Отряд в составе бригады совершил 1200-километровый марш от Лашкаргаха до Иолотани. Первое, что я увидел на нашей стороне, переехав мост, – сарайчик с огромными буквами «БУФЕТ». В Иолотани мы несколько дней приводили себя в порядок в ожидании погрузки на эшелон до Чучково. В Иолотани генерал А. Колесников из Ставки популярно разъяснил нам, что афганская война в данное время не пользуется уважением в Союзе. К этому мы были не готовы… Находясь в Афганистане, мы не могли предполагать, что готовится развал Союза. Эшелон шёл до Чучково неделю. В пути от эшелона чуть было не отстал мой зам – Саша Белик, но это отдельная история.

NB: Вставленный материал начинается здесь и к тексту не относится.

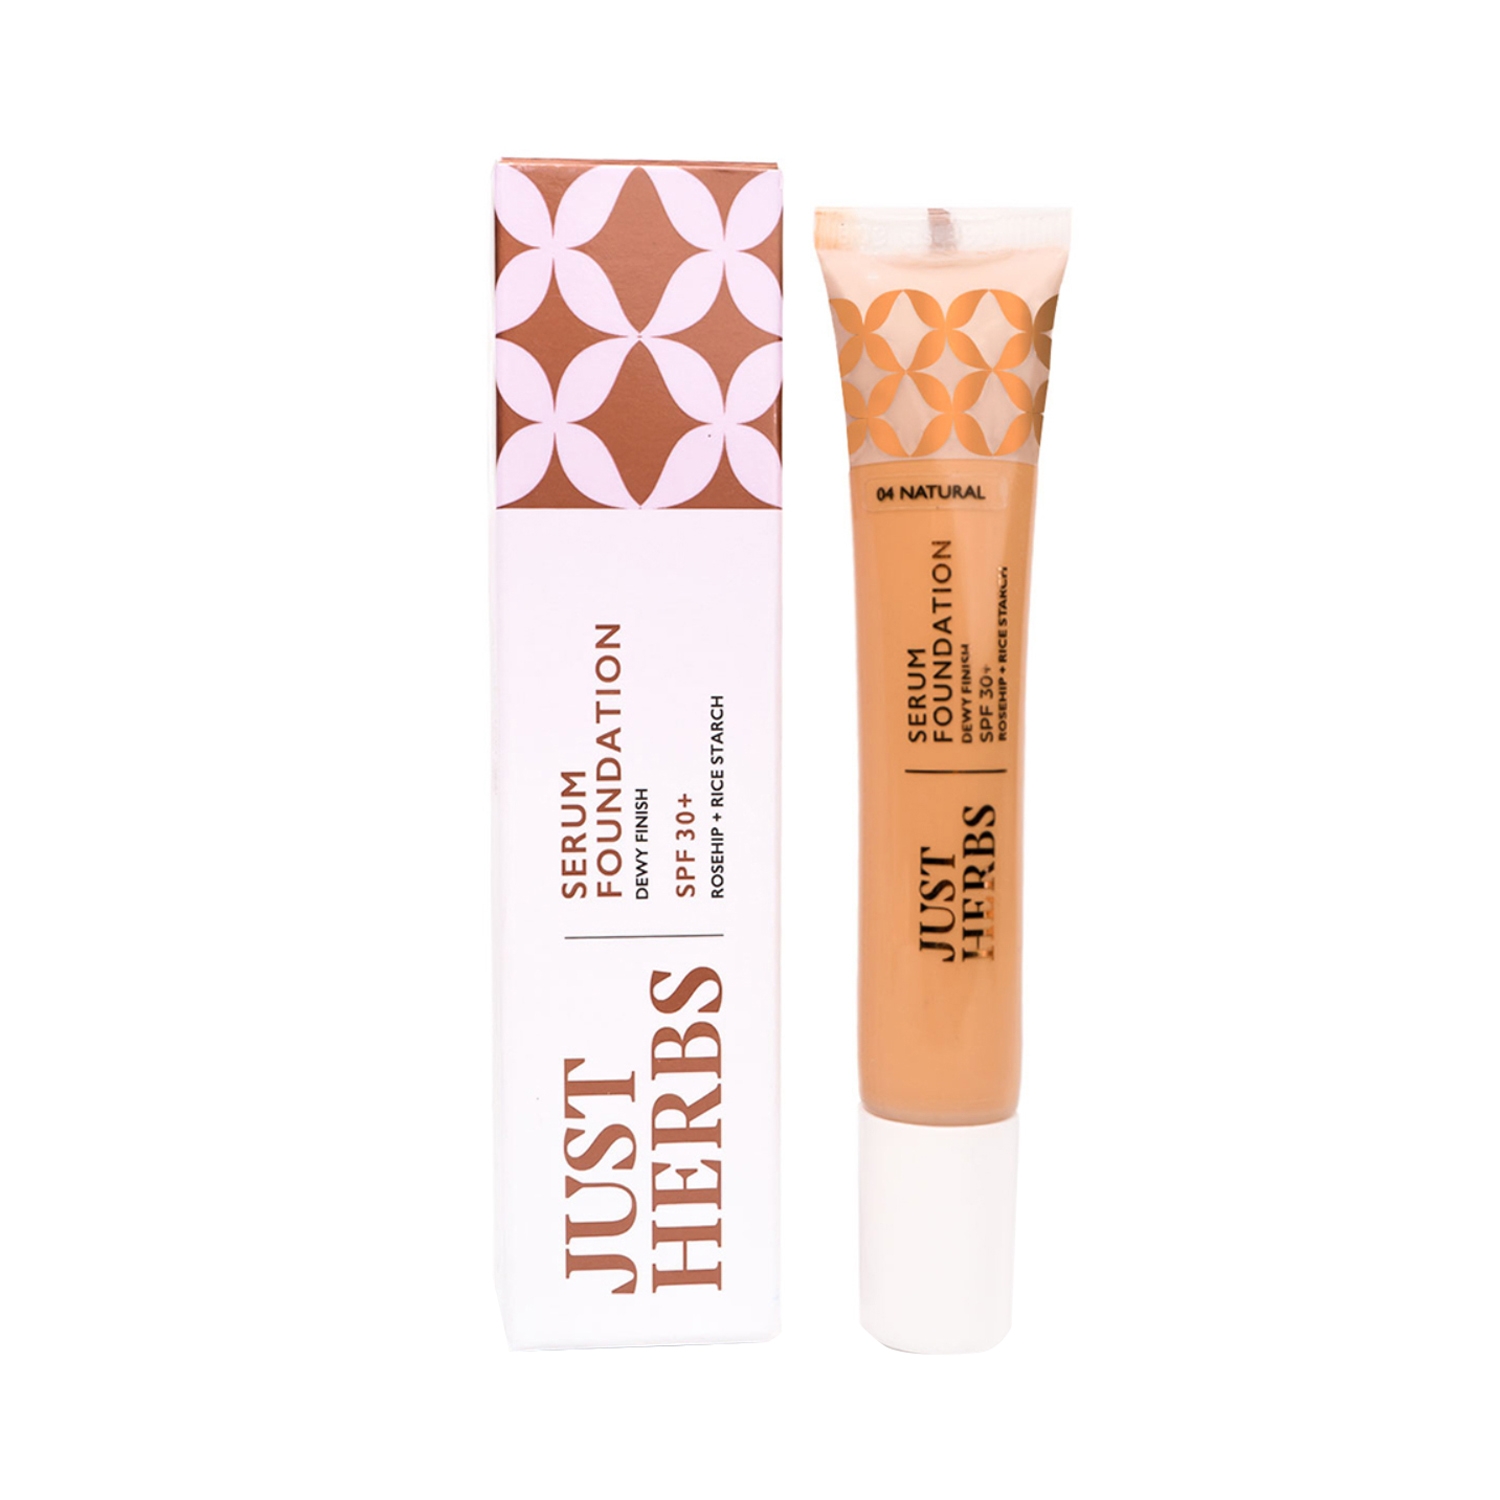 Just Herbs Serum Foundation Dewy Finish SPF 30+ With Rosehip & Rice Starch - 04 Natural (20ml)

А в Чучково в конце концов всё сложилось очень интересно. Пригоняем мы эшелон к месту постоянной дислокации отряда в Чучково. Я стою и обсуждаю с командирами порядок разгрузки. И вдруг видим – далеко от нас по рельсам женщина бежит. Командир бригады подполковник Анатолий Неделько, который рядом со мной стоял, говорит: «Слушай, так это твоя жена, наверное, бежит». Я отвечаю: «Не может быть, я её не приглашал, она и не знает, куда мы должны прибыть для разгрузки». Мне ведь некогда. Я эшелон разгружаю. Какая тут жена? Оказалась действительно жена. Никто не знал, когда мы сюда придём. Как она узнала время и место? До сих пор это остаётся тайной. А ведь приехала она из Эстонии в Рязанскую область 31 августа, а 1 сентября сын без мамы и папы пошёл в первый эстонский класс. Это было удивительное событие. Я до сих пор ей очень благодарен за это.
Пограничник
Главная задача вертолётчиков погранвойск СССР – огневая поддержка и обеспечение действий своих боевых групп на территории Афганистана. Бои для пограничников как начались в конце 1979 года, так и продолжались до конца девяностых. О практически никому не известных эпизодах той тайной войны, которую в течение почти двадцати лет вели на границе Таджикистана и Афганистана с душманами сначала советские, а потом уже и российские пограничники, рассказывает Герой России подполковник ФСБ Юрий Иванович Ставицкий:
– Общее количество боевых вылетов у меня более семисот. Но были у нас и такие лётчики, которые имели по тысяча двести вылетов. Втягивается человек в этот ритм и уже сам не хочет уезжать. А я, в общем-то, завидовал лётчикам армейской авиации: на год прилетели, отбомбились, отстрелялись – и домой!.. А мне пришлось провести на границе с Афганистаном с 1981 года по 1989 год. Психологически помогало то, что базировались мы всё-таки на территории Советского Союза.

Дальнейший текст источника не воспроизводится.